The Original 1982 by Lori CarsonFormat read: ebook provided by the author
Formats available: ebook, paperback
Genre: Women’s fiction
Length: 243 pages
Publisher: William Morrow Paperbacks
Date Released: May 28, 2013
Purchasing Info: Author’s Website, Publisher’s Website, Goodreads, Amazon, Barnes & Noble, Kobo, Book Depository

It’s 1982, and Lisa is a 24-year-old waitress in New York City, an aspiring singer/songwriter, and girlfriend to a famous musician. That year, she makes a decision, almost without thinking about it.

But what if what if her decision had been different?

In a new 1982, Lisa chooses differently. Her career takes another direction. She becomes a mother. She loves differently—yet some things remain the same.

Alternating between two very different possibilities, The Original 1982 is a novel about how the choices we make affect the people we become—and about how the people we are affect the choices we make.

My Review:

If things were different, everything would be different. In Terry Pratchett’s Discworld, it’s called the other leg of the trousers of time.

If you could choose one decision in your life, and go down the other path, what would you do?

Telling this version of her story, Lisa chooses differently. In her alternate version of 1982, she chooses to become a single mother to her baby, instead of having an abortion. In the other 1982, Lisa has the little girl she names Minnow, instead of a semi-celebrated musical career.

In neither version of her life does she have a happily ever after with Minnow’s father, a slightly older and somewhat more famous Latin-American singer. Gabriel Luna wasn’t capable of making a family, or even being faithful. In the original 1982, he was simply the first of several addictions. In the Minnow-future, Lisa did a better job of leaving him behind sooner, if only for the sake of her daughter.

But what this story does is imagine, not just one simple change, but how that one instant affects an entire life. Lisa has a child instead of an abortion. With Minnow in her life, every single thing that happens after is altered, and so is every person who walks part of her journey with her.

She continues as a waitress instead of making a career on the road as a singer-songwriter. The people who would have been her bandmates forge their careers with other bands. But the music is part of her soul. It sometimes takes a backseat to making a living, motherhood, or simple exhaustion. But she never gives up.

In the end, she is still a singer-songwriter, but it all happens differently. And she has Minnow. It might have been. But it didn’t.

Escape Rating B+: One of my favorite poems is Robert Frost’s “The Road Not Taken”. The Original 1982 is Lisa’s re-imagining her whole life as that road. Reaching mid-life, we all struggle with these kinds of questions, wondering what would have happened if we’d taken the other fork at too many important bends in the road, dealing with regrets about what might have been.

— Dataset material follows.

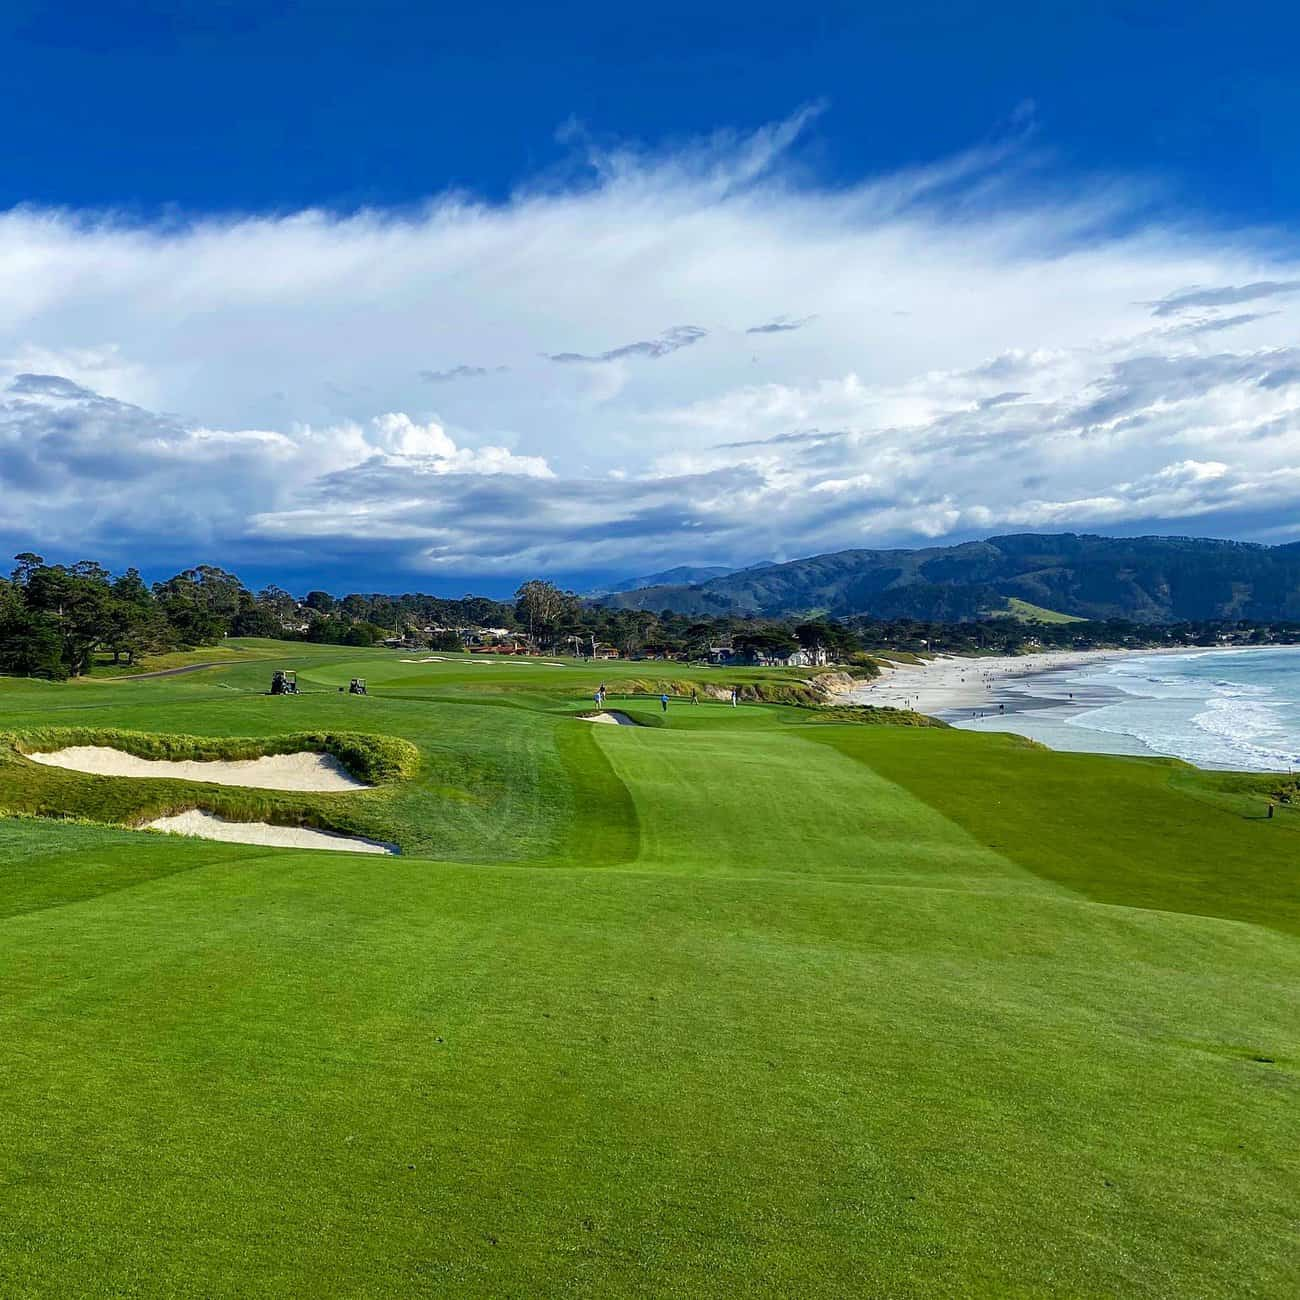 Pebble Beach Golf Links 9th hole

Instead Lisa writes them out as a story for herself, and for her niece, comparing her two lives. She doesn’t pull too many punches. She doesn’t think that her life would have been easier if she’d chosen to keep Minnow, only that it would have been vastly different.

It’s telling that in neither future does she get the guy. He’s not the dream. Her daughter was the dream.

Because this book was written by Lori Carson of the Golden Palominos, there’s a meta question about how much of the story is autobiographical. It reminded me of Carly Simon’s famous song, “You’re So Vain”, and the persistent rumor that the subject was Warren Beatty. Or Mick Jagger.

I wonder who Gabriel Luna was in Lori Carson’s life. If there was such a person, or persons.

But we’ve all faced choices where we wonder what might have happened if we’d picked the other road. This story, this other 1982, makes you stop and think about those choices.

If you knew then what you know now, what would you do? The problem is, you never know then what you know now. We choose, we live the lives that stem from that choice. No going back, except through works of imagination. But those other lives, they haunt us just the same.

TLC

This post is part of a TLC book tour. Click on the logo for more reviews.

***FTC Disclaimer: Most books reviewed on this site have been provided free of charge by the publisher, author or publicist. Some books we have purchased with our own money and will be noted as such. Any links to places to purchase books are provided as a convenience, and do not serve as an endorsement by this blog. All reviews are the true and honest opinion of the blogger reviewing the book. The method of acquiring the book does not have a bearing on the content of the review.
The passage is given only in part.